Clojure Where it Counts: Tidying Data Science Workflows
Data cleaning and organization is a tedious and time consuming part of any data science workflow. To address these pain points at the Parker Institute for Cancer Immunotherapy, we turned to Clojure to handle our complex and semantically rich datasets, such as molecular and clinical data from patients undergoing cancer therapy with experimental treatments. Our solution is centered around Datomic, and we have built a number of tools to integrate this database in a data science environment. These tools include a configurable data-driven ETL pipeline (that does not require writing any code or knowledge of Datomic internals) and libraries for writing Datalog queries and using the results directly within R. Rather than re-implementing analysis code in Clojure, we bring Clojure’s unique strengths to an existing data science environment
Pier Federico Gherardini
Parker Institute for Cancer Immunotherapy
@pfgherardini
Pier Federico Gherardini is Director of Informatics at The Parker Institute for Cancer Immunotherapy. His work focuses on the development of computational methods for the visualization and analysis of high-dimensional data, with a particular focus on single-cell analysis.
Dr. Gherardini has a strong passion for the development and application of new technologies and for thinking about the challenges such technologies bring to data analysis and interpretation. At PICI, his work focuses on the implementation of advanced assay technologies for the analysis of clinical samples, from evaluating new approaches, to developing computational methods to visualize and analyze the resulting data. Dr. Gherardini is also interested in tools that support human-driven analysis of complex datasets, including interactive visualization methods, and information systems that can support a rapid iteration cycle of analysis and interpretation.
Prior to joining PICI, Dr. Gherardini was a postdoctoral fellow in the lab of Garry P. Nolan at Stanford, where he performed both computational and wet lab work. While at Stanford he developed a technology for highly multiplexed simultaneous measurement of proteins and RNAs in single cells by mass cytometry, as well as a method for building an interactive map of the immune system that incorporates prior knowledge about major cell types.

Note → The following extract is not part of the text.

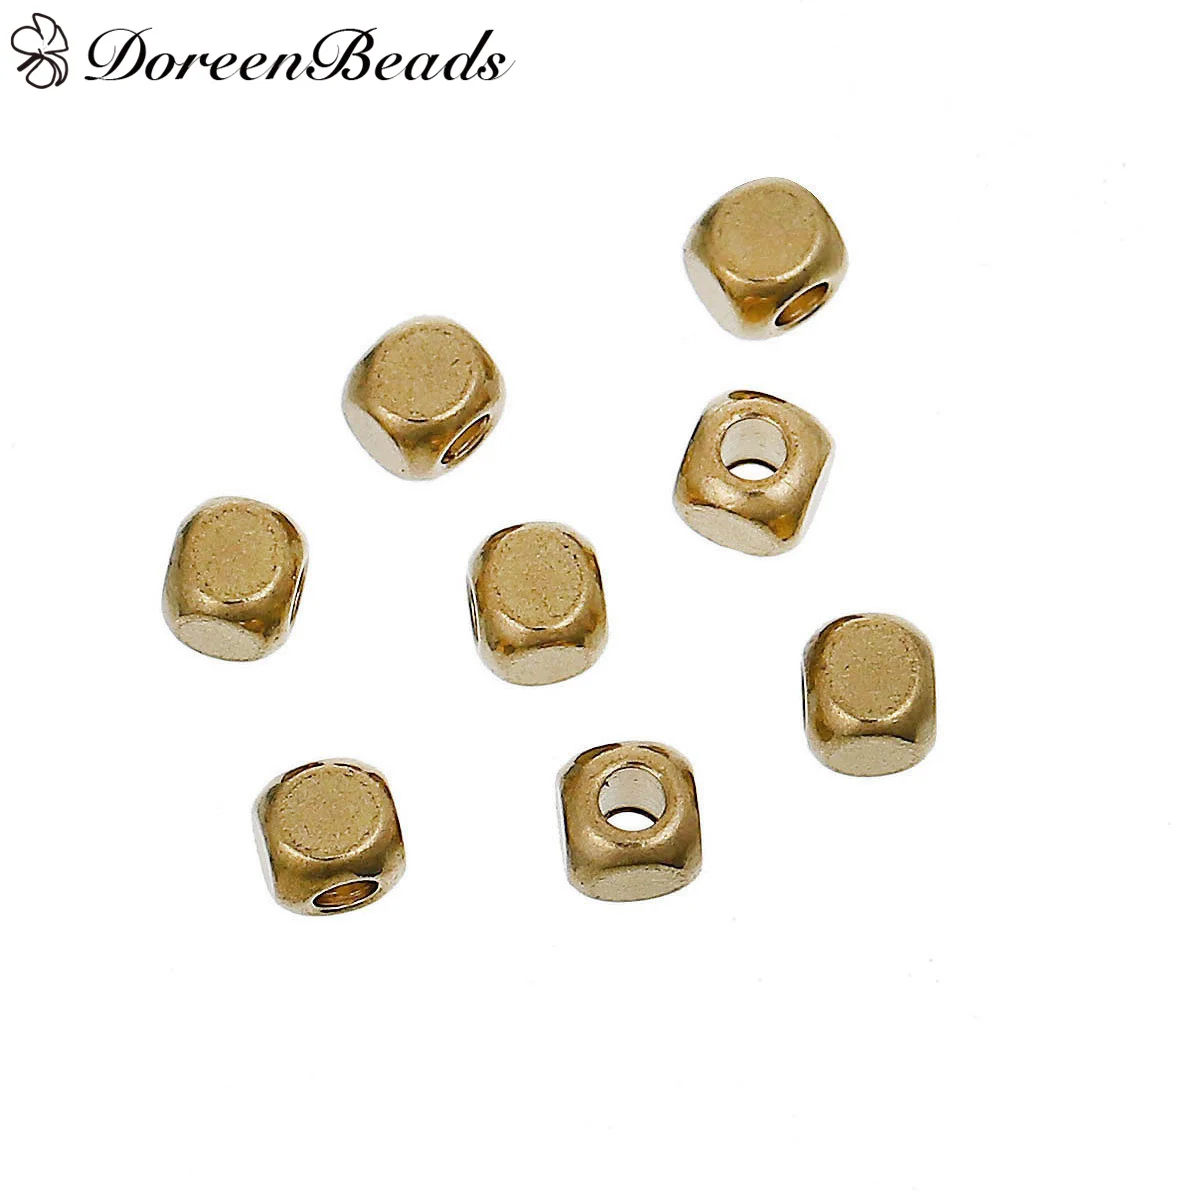 Фото DoreenBeads Brass Spacer Beads Cube Color About 3mm( 1/8") x Hole: Approx 1.5mm 500 PCs | Украшения и аксессуары

Dr. Gherardini holds master’s and doctoral degrees from the University of Rome Tor Vergata in Italy and a certificate from the Ignite program in innovation and entrepreneurship from the Stanford University Graduate School of Business.
Ben Kamphaus
Ben Kamphaus is a software developer and data scientist at Cognitect. He has a PhD in Geography from SUNY Buffalo where he got his initial exposure to interdisciplinary challenges in data infrastructure, including the use of ontologies, RDF, and other approaches to finding and expressing common data representations. These days he relies heavily on Clojure and Datomic to stay sane when moving data between systems and use contexts. In his free time he hikes, runs, climbs, writes science fiction, and produces electronic music as PatternShift.